After googling “lek” to make sure it’s not … what you think it is, you may be tempted to watch a video of one. If you do, you’ll witness something extraordinary. You’ll see dozens of beautifully ornamented male birds strutting their stuff in a field as the more modest females amble around. The ladies are sizing up the lads for potential suitorship, and only a select few will be chosen to receive the spoils: the opportunity to reproduce.

To the lay eye, a lek is a primitive mating game. But as Ridley vividly relates in his new book, Birds, Sex & Beauty: The Extraordinary Implications of Charles Darwin’s Strangest Idea, there’s majesty and mystery in the ritual. 

In its opening pages, Ridley transports readers to April’s picturesque Pennine Hills of Northern England to watch, feel, and hear a lek of the region’s black grouse. But a literary vacation is only one of Ridley’s aims. The other is to illustrate and explore, he writes, “an idea so powerful, so weird, so wonderful, that I still feel unsure whether I have gone far enough in accepting all its implications.”

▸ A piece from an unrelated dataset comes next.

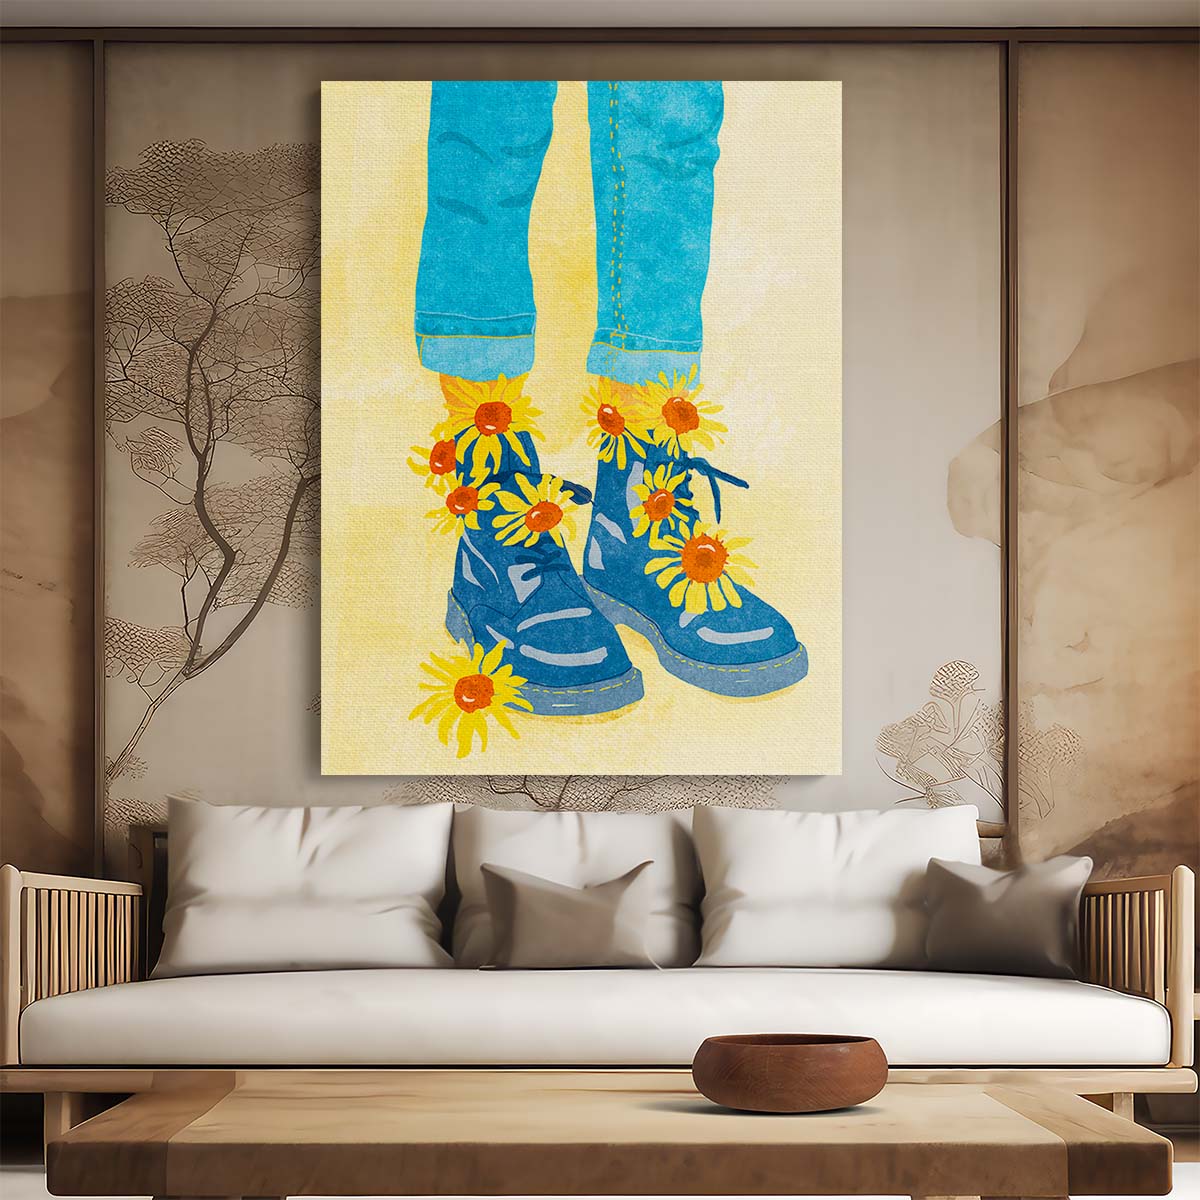 Sunflower Walk Illustration Summer Botanical Feminist Art by Raissa Oltmanns by Luxuriance Designs, made in USA

That idea is sexual selection. You may already know of its more popular sibling: natural selection, the primary driving force of evolution. Natural selection is the idea that organisms more adapted to their environment will survive and reproduce; meanwhile, sexual selection contends that certain traits will evolve and endure simply because they help animals reproduce. The classic example is the male peacock’s flamboyant tail. Does it help the bird survive? Not really. But does it help it get laid? Absolutely.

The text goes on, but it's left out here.